As for rubs, you can use that rib rub, and you can use that sauce. Don't bother basting, but you can put that sauce on the last few minutes to get it to set up on the chicken real nice like.

Pull them off the cooker when the internal temp in the thigh is 165 degrees and let them rest for about 5 minutes to let it finish cooking (it will climb another 5 degrees or so), and to let the juices redistribute throughout the meat (they gather up in the center while cooking).

Good luck! Post some pron if you have the time, or at least let us now how you did things and how it went!:thumb:

tmehlhorn
07-04-2011, 02:10 AM
Bigabyte put it well. When i do beer can chickens i run around 275-300. it takes hour and half to 2 hours depending on size of birds.
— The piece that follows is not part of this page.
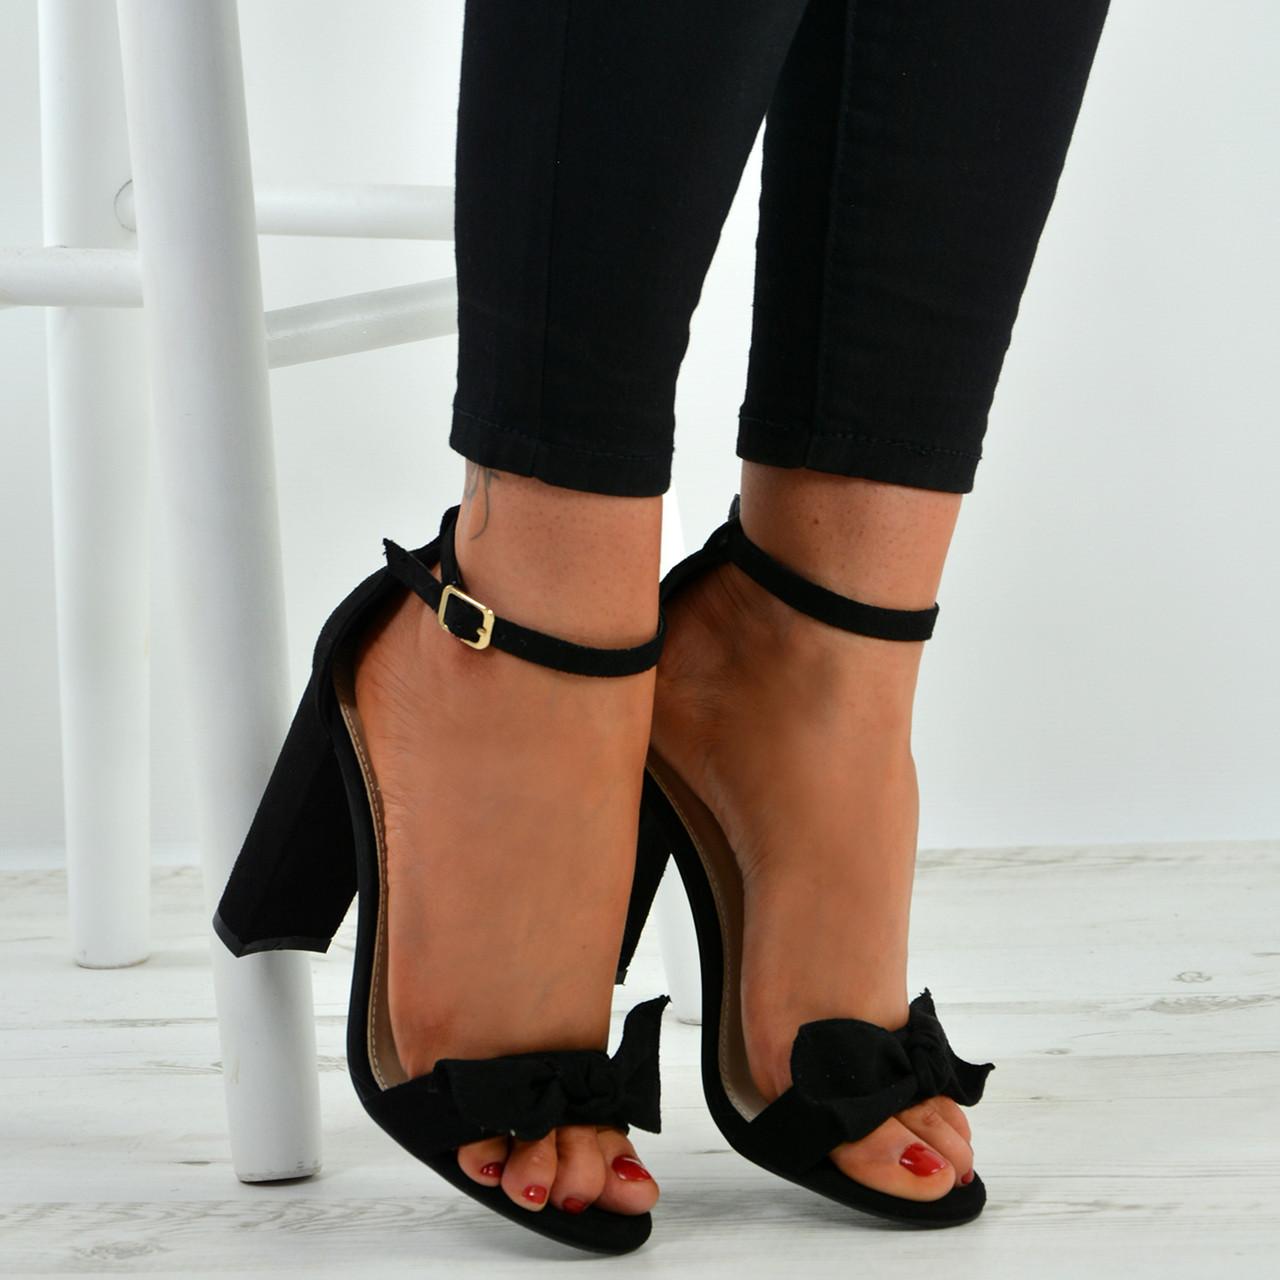 d8e1e6d57b6 New Womens Ladies Bow Sandals Ankle Strap Peep Toe High Block Heels Shoes

Probably about an hour for you depending on heat and thickness of legs. check temp when they look close. When they are almost done, coat with sauce with about 15 min left, only need enough time to heat up sauce and let it thicken and soak up that smokey goodness. Remember to sit chicken out about 30 min before you throw on grill. Allowing it to come up close to room temp helps with the process a bit.

Smiter Q
07-04-2011, 03:04 AM
@olemissrebel (http://www.bbq-brethren.com/forum/member.php?u=24429)

careful of the sauce when you put it on. if it is high in sugar it can burn/scorch very quickly. hope it goes well for you!

Crash
07-04-2011, 05:02 AM
These guys know what they are talking about. Cook it at a higher temp, definitely over 300. Sauce (glaze would be better IMO) at the end of your cook.

Wampus
07-04-2011, 07:31 AM
Agreed. I always do chicken at at least 300. last time I did quarters, they took about 45 minutes, but that was when the smoker was loaded to capacity. If you have a temp probe, stick it in the fat part of the thigh and when it hits 170, DONE.

Any rub will work. If you have one you like, go with it.

I'd put the sauce on at the very end. Sauce them, close the lid and wait for about 5 minutes then pull em off.


Good Luck and Happy Independance Day!!!!

olemissrebel
07-04-2011, 10:24 AM
Thanks guys. I will let you know how they turn out. This site has been great for helping me with my bbqing endeavors!

El Ropo
07-04-2011, 11:57 AM
If you can get your smoker up to 325-350, the results should be fantastic. Lower than 325, and the skin will end up being rubbery. Even worse, smoking poultry at 225 will give you rubbery skin, and rubbery meat, since the longer time exposed to heat will tend to dry out a leaner meat such as chicken.

Did these last night at around 325 indirect on the 22" OTS. Pulled when IT in thickest part of largest thigh hit 185 (I like my quarters fall off the bone). the skin was sublime, and the meat was very moist and flavorful.